When porting uniprocessor code to a multiprocessor, the interrupt mechanism of the multiprocessor must be inspected! There are two common possibilities:
- Only one processor services interrupts.
  In this case, the hardware designer took the easy way out, and the machine is not truly a symmetric multiprocessor. Since all interrupts are served on the same CPU, there are no new or special interactions between interrupt service routines, so the only interactions that must be considered are between interrupt service routines on one processor and non-interrupt service code running on other processors.
  Within each I/O driver, critical sections involving data shared between the interrupt service routine and the user-side access routines for that driver must be identified and guarded by spin-locks. Ideally, a single global lock variable should be avoided, and instead, locks local to the driver should be used -- there is no need to block the ethernet driver when the SCSI interrupt service routine is exploring the disk schedule.
- All processors services interrupts.
  In this case, the hardware designer did extra work to allow interrupts to be handled by different CPU's in parallel. For example, a mechanism could have been added to the system so that successive interrupts are delivered to successive CPU's in round-robin order, or a mechanism could be added so that each CPU can declare its priority level, and all interrupts go to the CPU that is running at the lowest priority.
  In this case, we need to audit the code for the interrupt handlers to check all references to global resources such as buffer pools. Any use of such a resource must be guarded by spin-locks. Again, it is better if there is a lock to guard each shared resource (such as the head of the linked list of free buffers) instead of one global lock.
Trap service routines always run on the same processor that executed the instruciton that caused the trap. Therefore, all CPU's execute trap service routines, and it is most productive if they are treated as user code running under the authority of the scheduler as part of a user process (but executing in the kernel).
User Code
When user processes must deal with shared data, in a uniprocessor, they will usually use semaphores or some equivalent mechanism supported by the kernel.
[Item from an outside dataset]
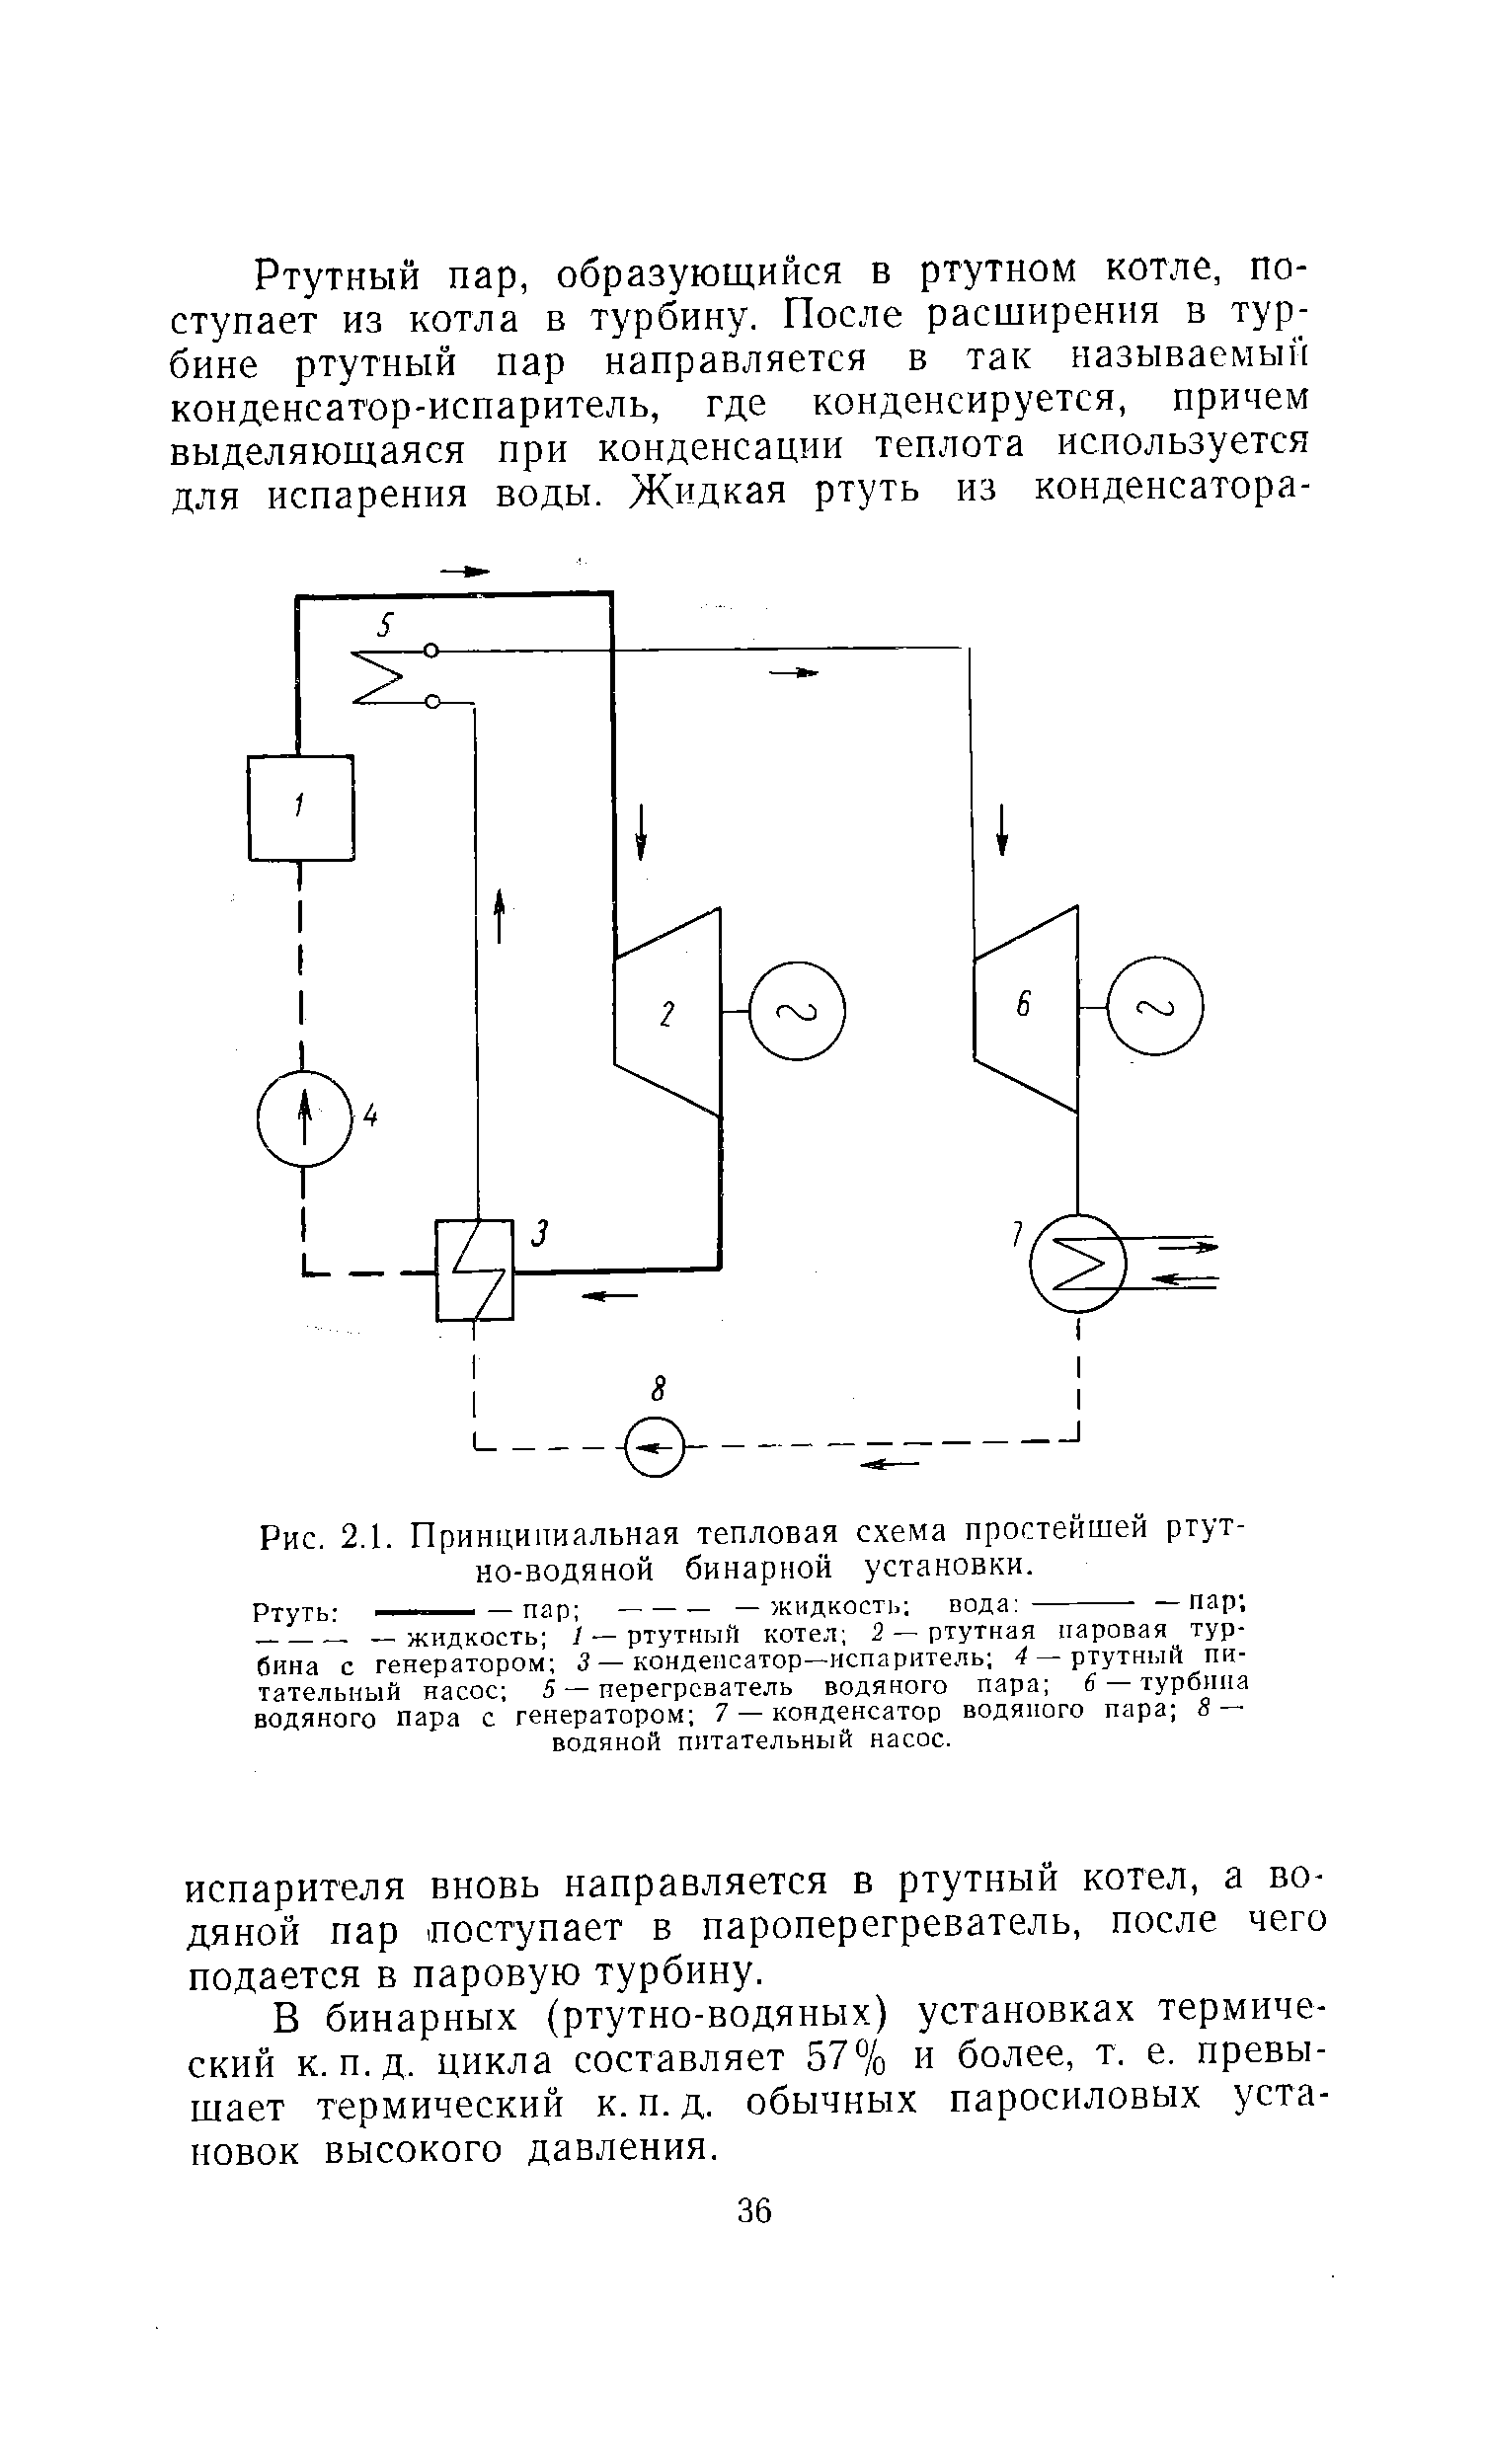 Рис. 2.1. Принципиальная тепловая схема простейшей ртутно-водяной бинарной установки.

Assuming correct kernel implementation, this will generally work correctly on the multiprocessor, so it requires no changes, however, changes to user code may allow better multiprocessor performance.
Inside trap-service routines, however, there may be places where the code running on behalf of a user process uses disable-interrupts to guard some critical section. Spin locks must be added to each such critical section!
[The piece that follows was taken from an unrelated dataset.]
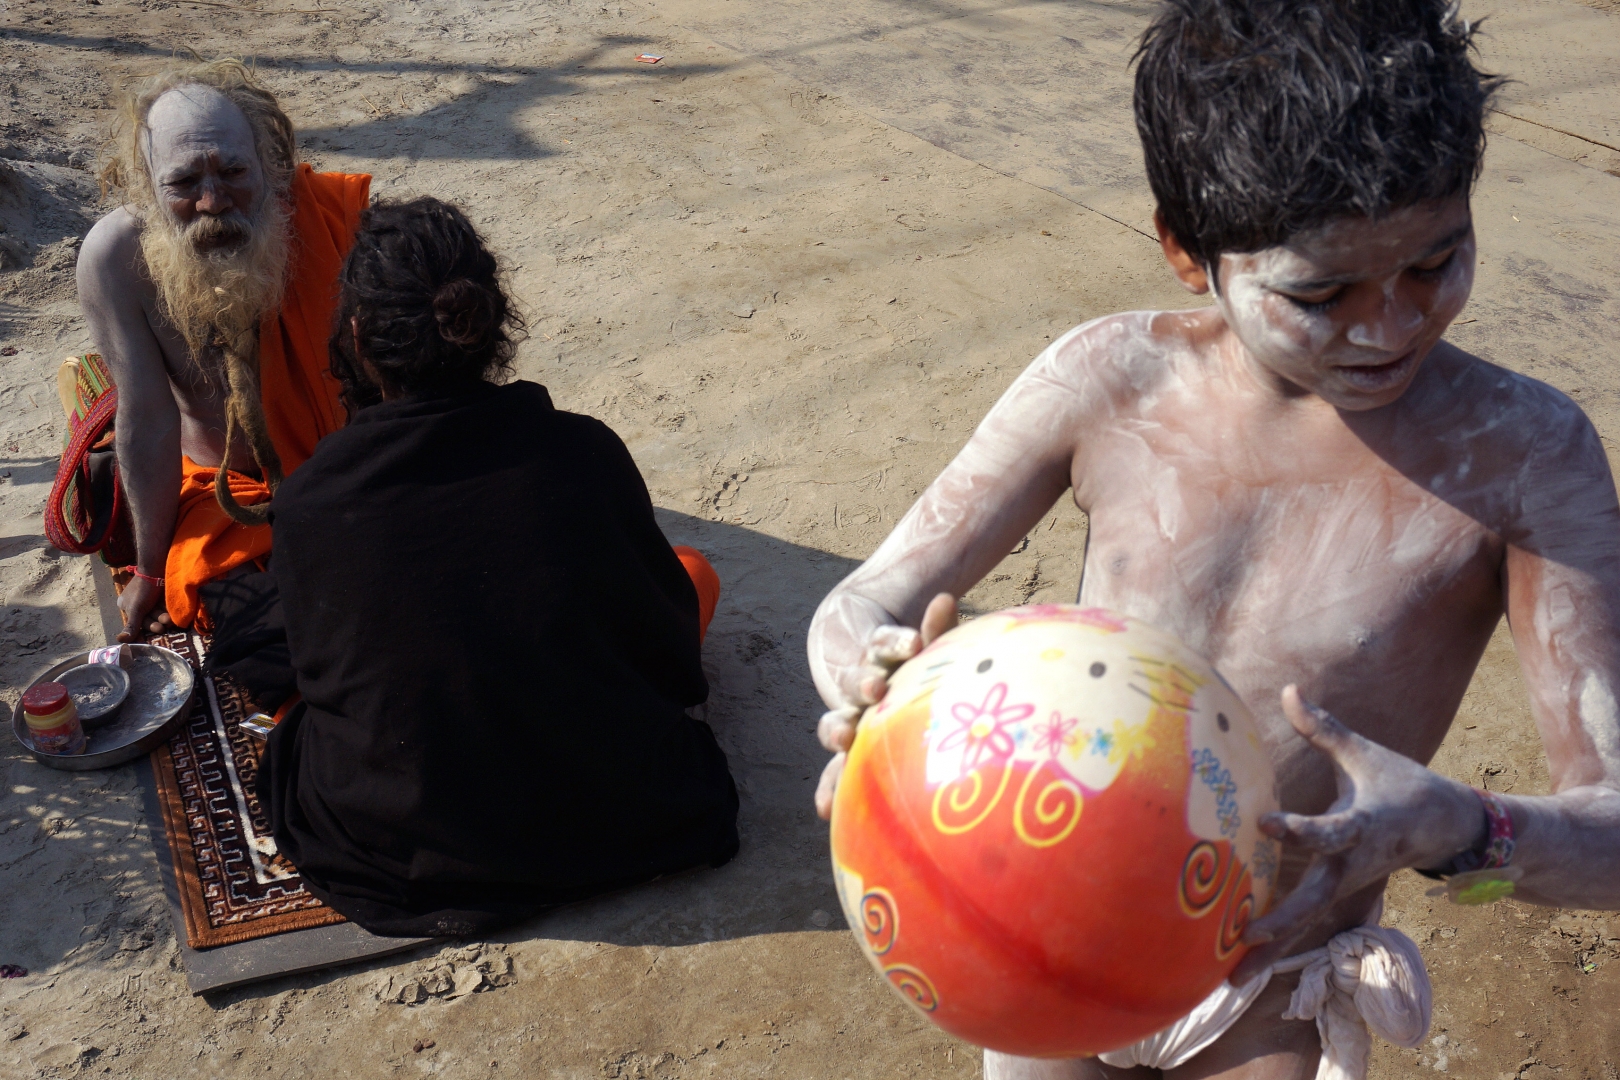 Через несколько дней мальчик получит посвящение в традицию Нага Баба, после чего будет жить и учиться у садху

In general, both user and kernel code running on behalf of users has two options to guard each critical section: spin-locks and semaphores (or equivalent mechanisms that involve the process manager). The choice between these is should be made as follows:
- Low contention critical sections should be guarded by spin locks.
  These critical sections are usually short, and the probability that a process will be blocked on entry to these sections is small.
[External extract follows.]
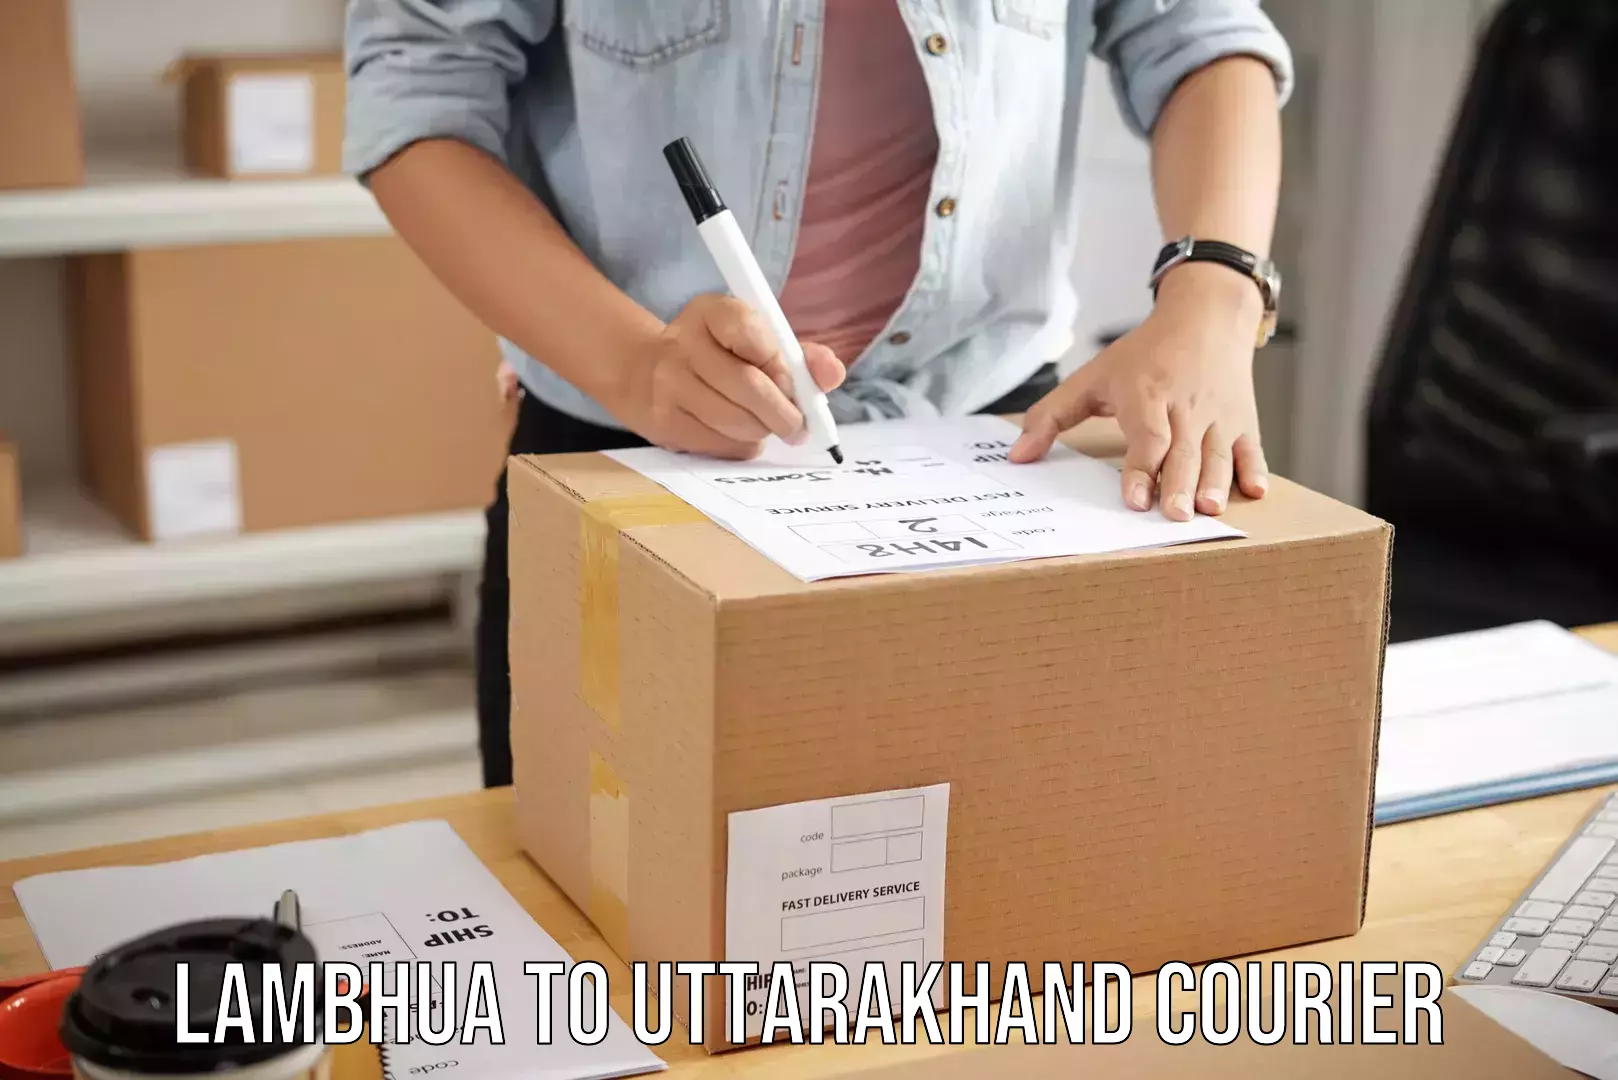 Luggage transfer service Lambhua to Uttarakhand

  The key thing to note is that operations on semaphores involve transfer of control to a scheduler routine, while operations on spin locks involve only a few machine instructions if there is no contention. Therefore, the overhead of spin locks is far less if there is usually no contention.
- High contention critical sections should be guarded by semaphores.
  These critical sections are usually long, and the probability that a process will be blocked on entry to one of these sections is high.
  The key thing to note is that waiting on a spin-lock monopolizes the CPU on which the blocked process is running, while semaphores allow other processes to run. Therefore, use of semaphores will allows more useful work to be done if the likelyhood of blocking is high.